Exercise details
Could every line below be transcribed exactly, with the pictures dropped?

Data excerpt
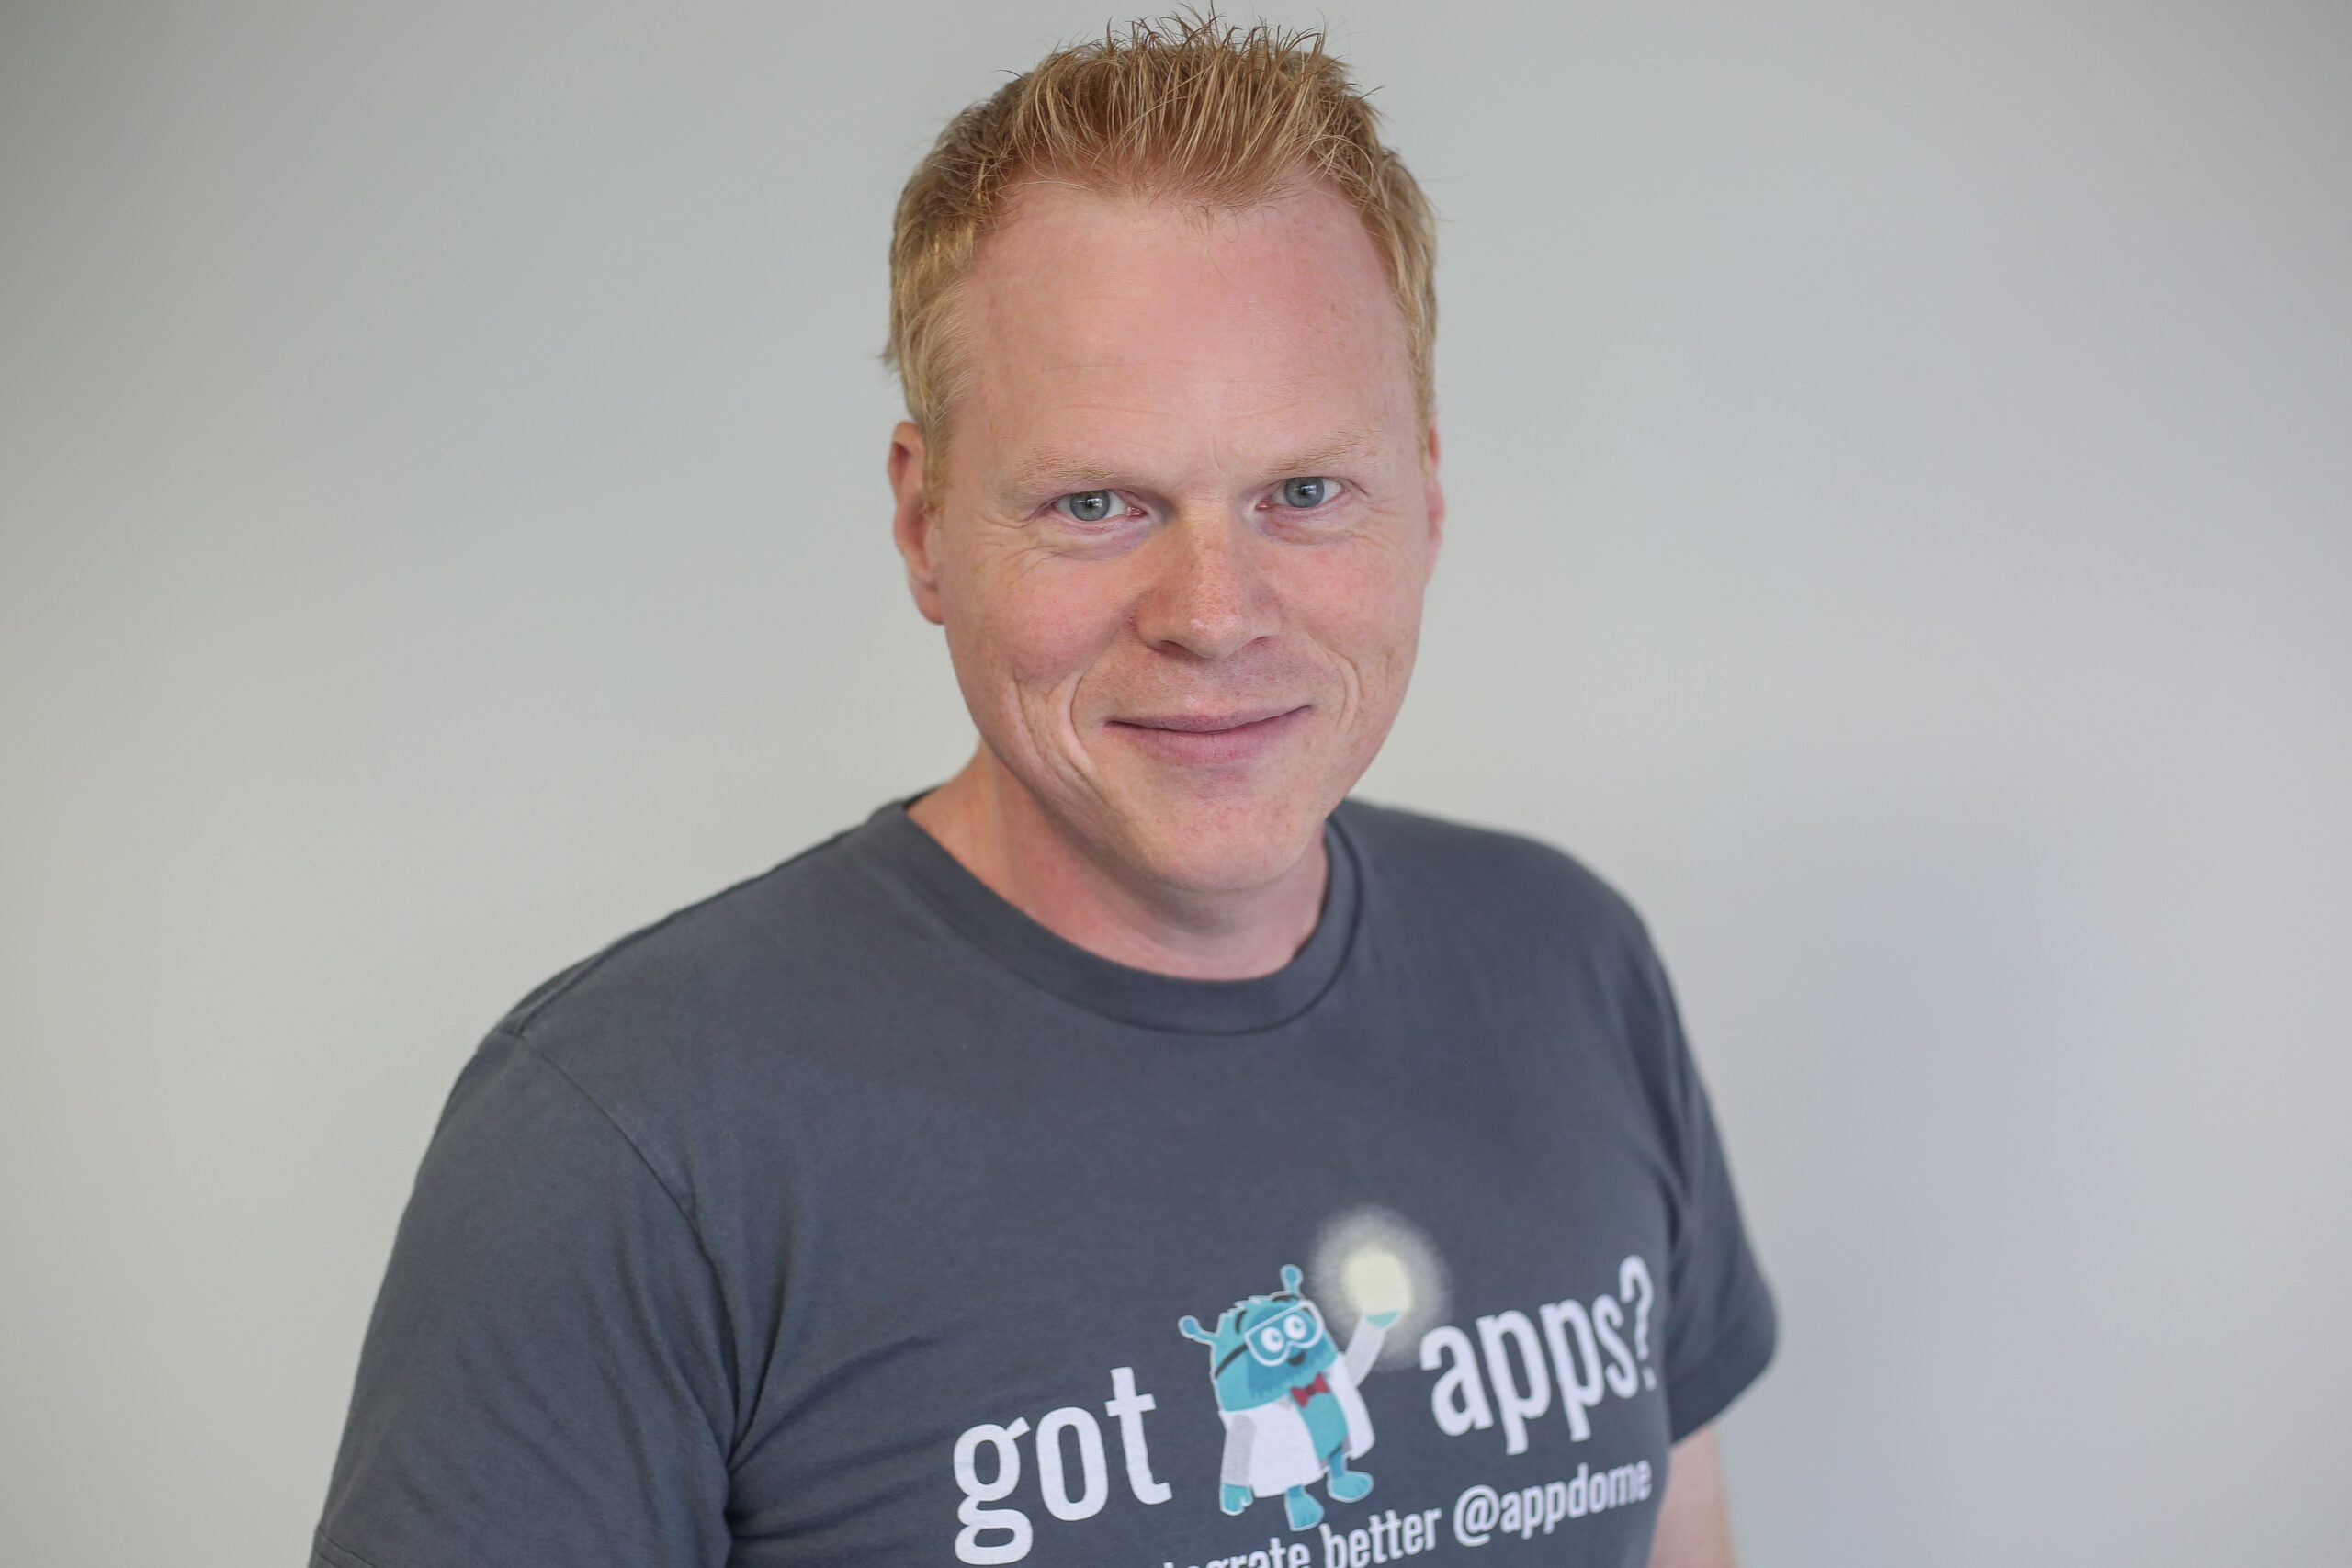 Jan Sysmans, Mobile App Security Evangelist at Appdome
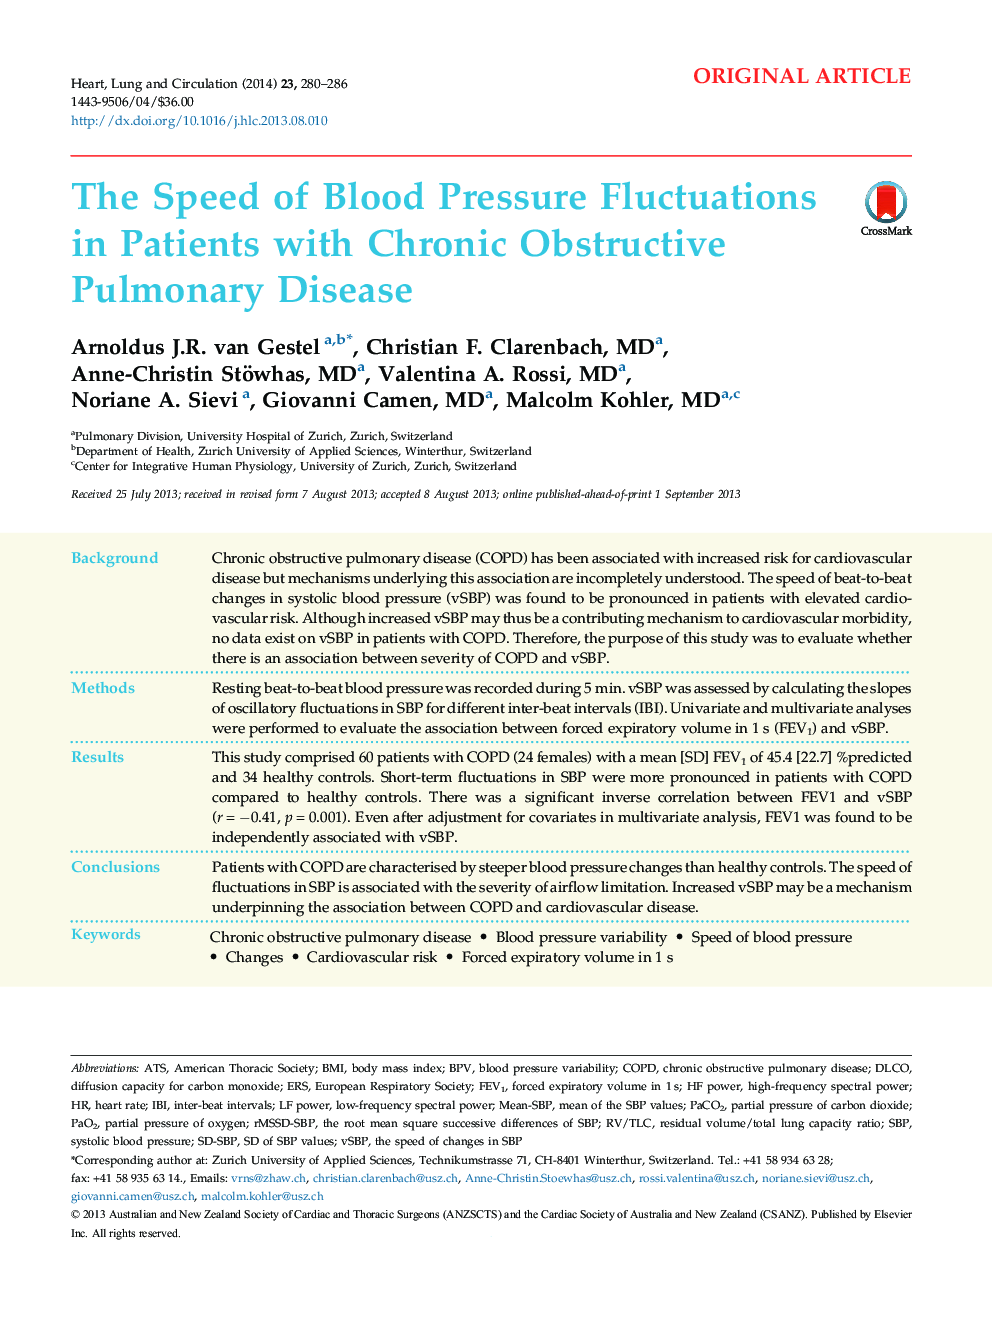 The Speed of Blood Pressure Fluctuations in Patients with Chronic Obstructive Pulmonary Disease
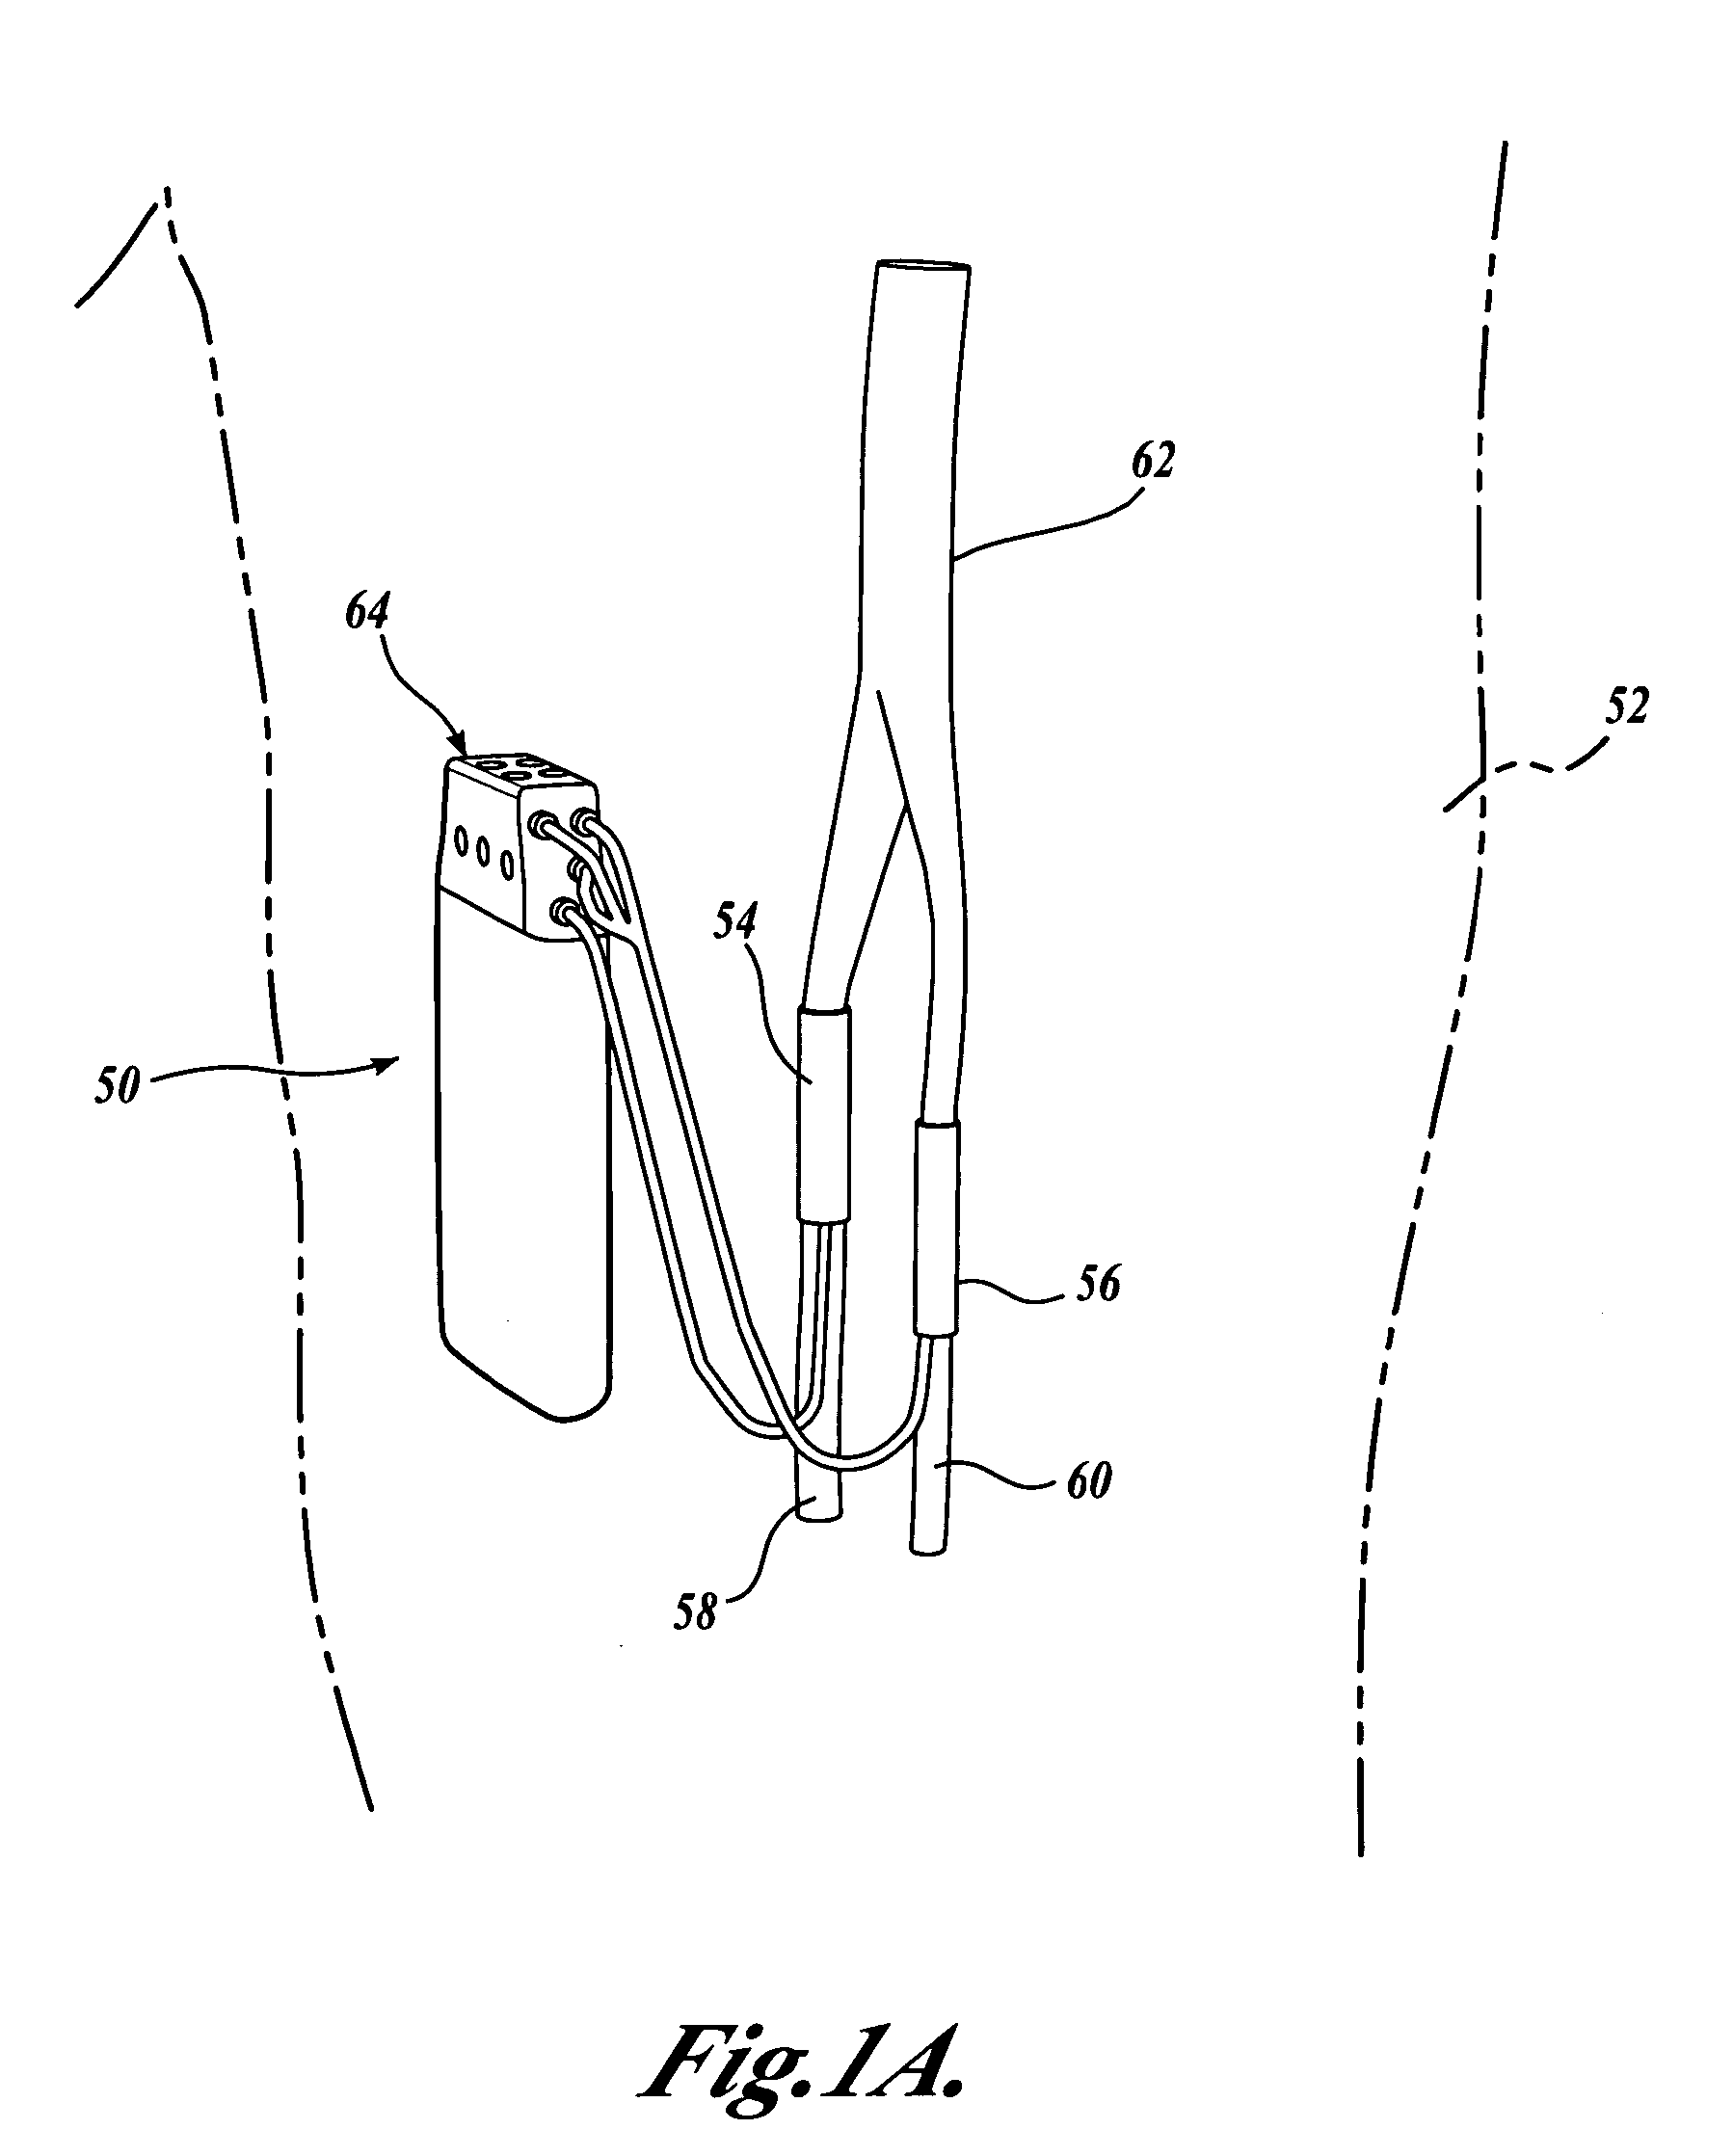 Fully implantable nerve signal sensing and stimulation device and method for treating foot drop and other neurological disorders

Task answer
 Jan Sysmans, Mobile App Security Evangelist at Appdome
 The Speed of Blood Pressure Fluctuations in Patients with Chronic Obstructive Pulmonary Disease
 Fully implantable nerve signal sensing and stimulation device and method for treating foot drop and other neurological disorders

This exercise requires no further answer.